Yes, the stock market has fallen in the last ten days, footsie going from about 6800 to about 6500, owing to worries about developing-market economies and the effect of the withdrawing of quantitative easing. This sort of thing is fairly normal for stock markets, a 2% drop is a rather minor affair. In the long term, though, shares beat all other asset classes.
Cambridge-Climber 30 Jan 2014
In reply to FesteringSore: It's recently been at an all time high and there are rumours about a Chinese default which are worrying some investors.


OP FesteringSore 30 Jan 2014
In reply to Coel Hellier:

Thanks Coel. Just that the drop had taken my valuations back to what they were October/November following a rise. Hope for improvement.

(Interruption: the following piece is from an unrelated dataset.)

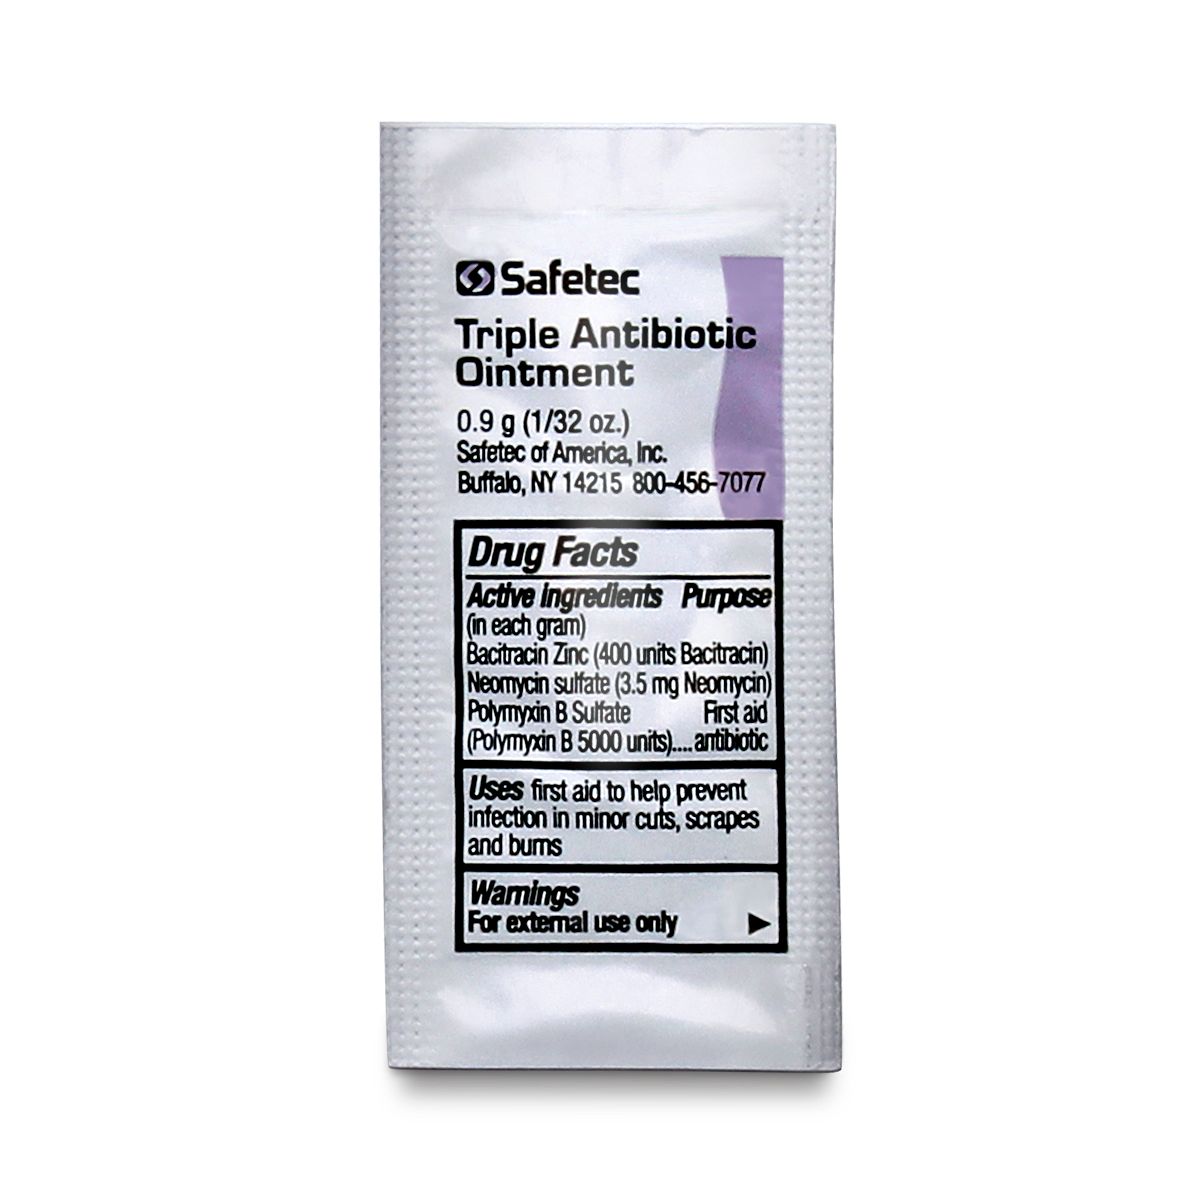 SafeTec - Triple Antibiotic Ointment - 0.9g Pouch data-zoom=

PS Always notice that your answers on here are direct and informative - no stupid comments - credit
OP FesteringSore 30 Jan 2014
In reply to Cambridge-Climber:

Thanks.
 MG 30 Jan 2014
In reply to FesteringSore:

Perhaps worth mentally seeing if you would be happy with a 25% drop or more. It may happen, or shares may rise by that or more within a couple of years. If you are worried about a 2% variation, are you truly happy with the risks of owning shares in the short to medium term?
 Skyfall 30 Jan 2014
In reply to FesteringSore:
Yes, as said, shares can drop quite rapidly. One of my AIM quoted shares (admittedly a more volatile market than the main market) dropped about 20% a week or so ago (but had risen much more than that since I acquired it). However, that's also how much you might expect the market generally to drop if there were a significant "correction".
Post edited at 10:58
 JJL 30 Jan 2014
In reply to FesteringSore:

Sell in May and go away...

I sold up in December, but I'm fairly cautious
 JM 30 Jan 2014
I noticed this as well. I checked my portfolio last week and saw that I was looking to make 3% with most of my funds doing well apart from the one investing in emerging markets which I was reasonably pleased with. I checked again this week and my valuation was lower than my initial capital which was shocking. A lot my funds units are with large UK based companies such Royal Dutch Shell and I noticed their share price index took quite a drop over the last week. It has picked up again this week though. I just think there is some uncertainty in the market and it is best not to check the valuation too often. FTSE100 trackers and low(ish) risk UK companies should provide a reasonable return in the medium to long term as long as growth continues to increase.

 Sam_in_Leeds 30 Jan 2014
In reply to JM:

> I checked again this week and my valuation was lower than my initial capital which was shocking.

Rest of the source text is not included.